Arrêt du 28 juin 2012
Ire Cour de droit civil
 
Composition
Mmes et MM. les Juges Klett, Présidente, Corboz,
Rottenberg Liatowitsch, Kolly et Kiss.
Greffière: Mme Monti.
 
Participants à la procédure
X.________,
représenté par Me Georges Reymond,
recourant,
 
contre
 
Y.________, représenté par Me Jean-Luc Subilia,
intimé.
 
Objet
arbitrage interne; révision d'une sentence arbitrale,
 
recours en matière civile contre l'arrêt rendu le
28 décembre 2011 par la Chambre des recours
civile du Tribunal cantonal du canton de Vaud.
 
Faits:
 
A.
X.________ et Y.________ étaient associés dans le cadre d'une société en nom collectif.

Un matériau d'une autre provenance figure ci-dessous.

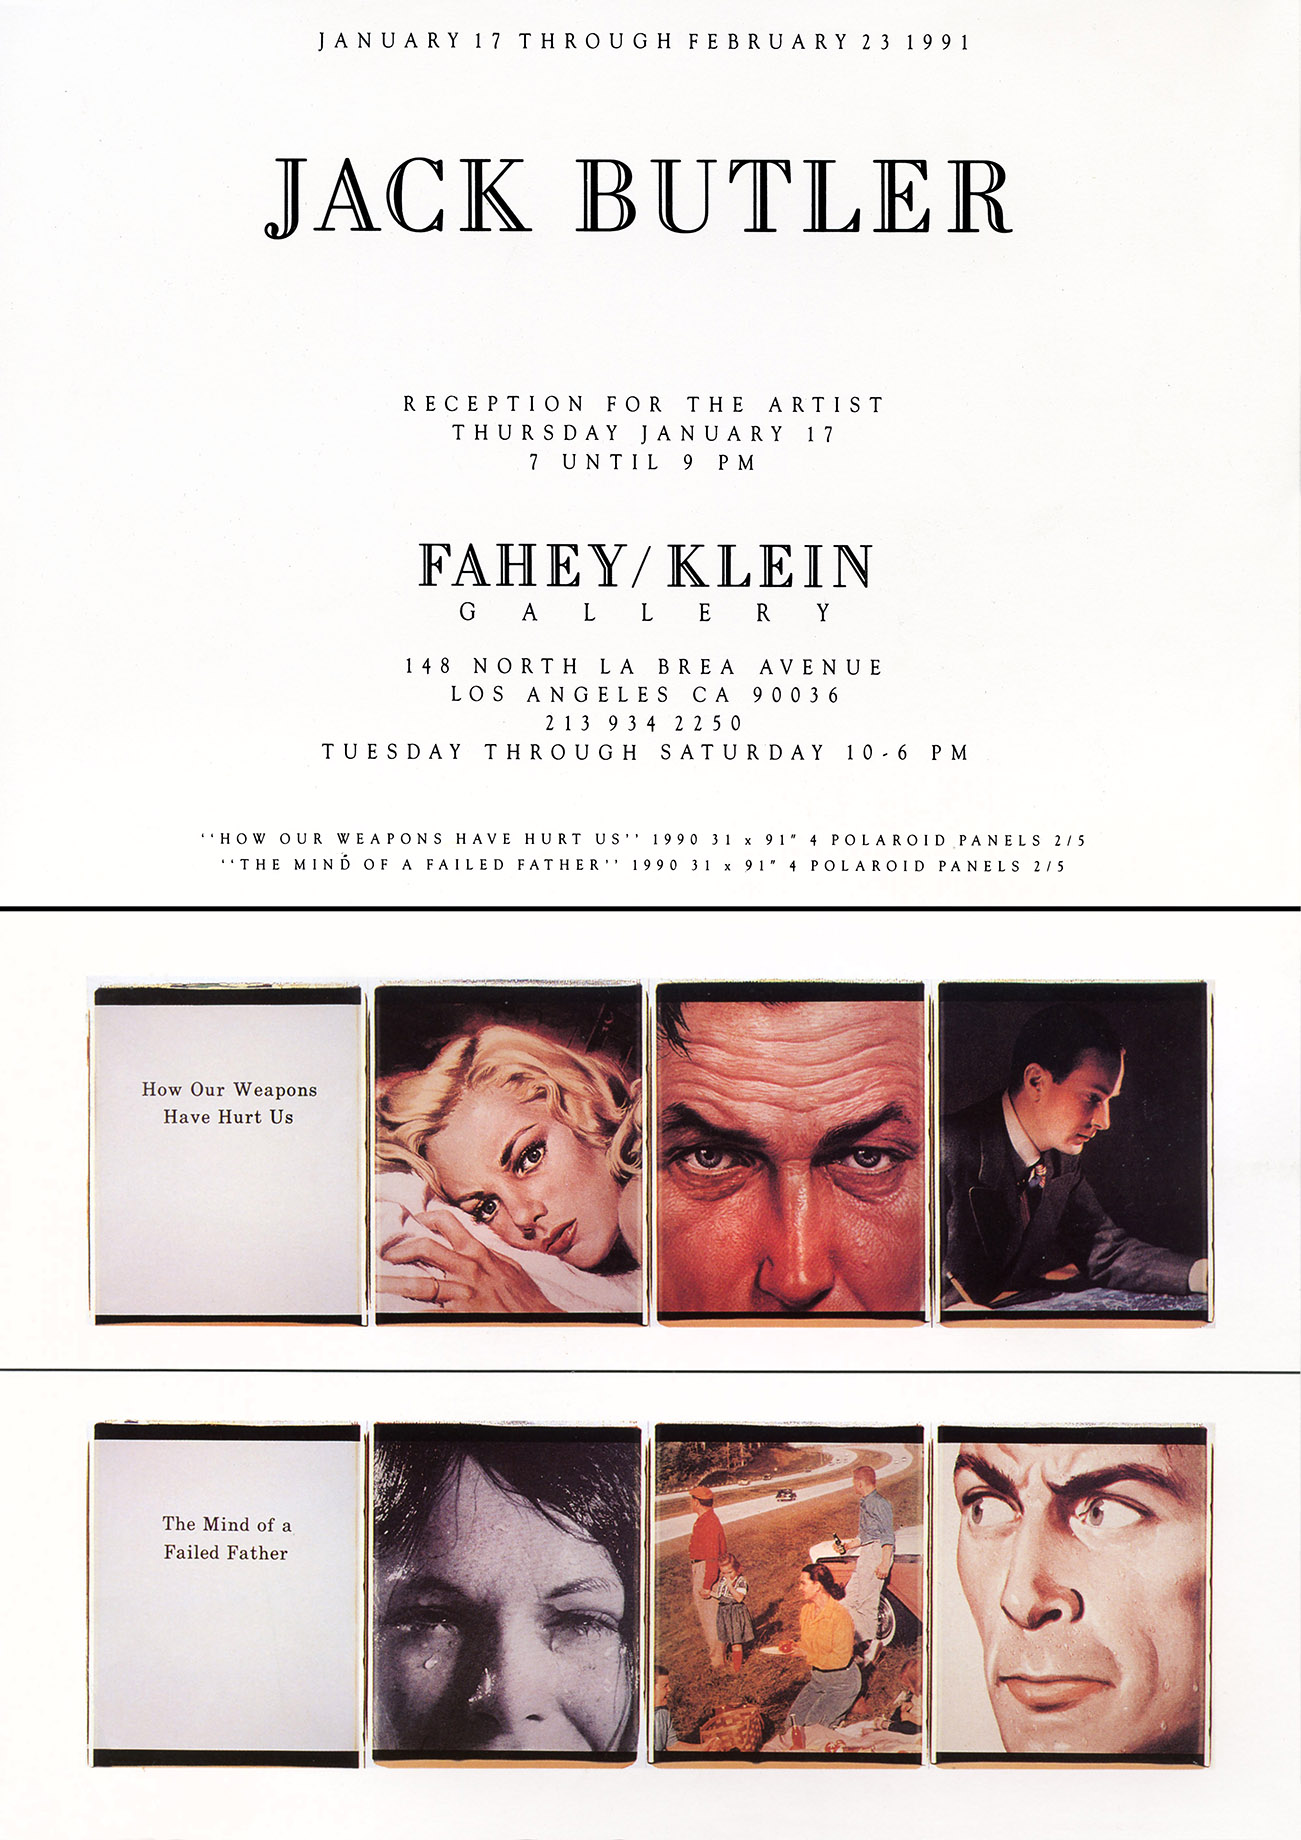 Announcement, Fahey Klein Gallery 1991

En septembre 1989, ils ont convenu de dissoudre cette entité "par voie de liquidation", tout en laissant X.________ poursuivre l'exploitation de l'entreprise. Un liquidateur désigné par les parties devait établir la part revenant à chaque associé. A cette fin, la Fiduciaire A.________ a estimé la valeur de la société dans un rapport du 27 avril 1990. Les parties ne sont pas parvenues à s'entendre.
 
Une procédure arbitrale a alors été engagée. Le siège de l'arbitrage a été fixé à Lausanne. L'arbitre a été invité à statuer sur la "part de liquidation" respective des deux associés. Par mémoire-demande du 15 novembre 1990, Y.________ a conclu au paiement de 553'107 fr., sous déduction des montants qui seraient versés dans la procédure de poursuite en cours. X.________ a conclu au rejet et pris des conclusions reconventionnelles tendant notamment au paiement de 203'538 fr. Une première expertise a été confiée à la Fiduciaire B.________, puis une deuxième au Cabinet C.________, qui a encore déposé un rapport complémentaire.

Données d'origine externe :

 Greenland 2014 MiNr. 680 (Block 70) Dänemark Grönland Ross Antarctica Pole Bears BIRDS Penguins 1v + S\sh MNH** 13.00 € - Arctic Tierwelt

Par sentence rendue le 27 avril 2006, notifiée aux parties le 20 octobre 2006, l'arbitre a condamné X.________ à payer à Y.________ une indemnité de sortie de 543'250 fr., sous déduction de 430'000 fr., soit en définitive la somme en capital de 113'250 fr.
 
B.
Le 19 octobre 2011, X.________ a saisi la Chambre des recours civile du Tribunal cantonal vaudois d'une demande en révision tendant à l'annulation de la sentence arbitrale et au renvoi de la cause à l'autorité inférieure. La requête se fondait principalement sur une évaluation établie le 12 septembre 2011 par la Fiduciaire D.________ SA, laquelle avait été mise en oeuvre à titre privé par X.________. Le but déclaré de ce rapport était de vérifier si les éléments à disposition du juge arbitre étaient corrects et si la décision avait été prise en connaissance de cause. La fiduciaire concluait que les expertises sur lesquelles s'était appuyé l'arbitre étaient erronées dans la mesure où elles ne tenaient pas compte de l'évolution des réserves latentes, ce qui avait faussé la valorisation des parts. Le prix de sortie de l'associé Y.________ était manifestement surfait; sa part avait été surévaluée.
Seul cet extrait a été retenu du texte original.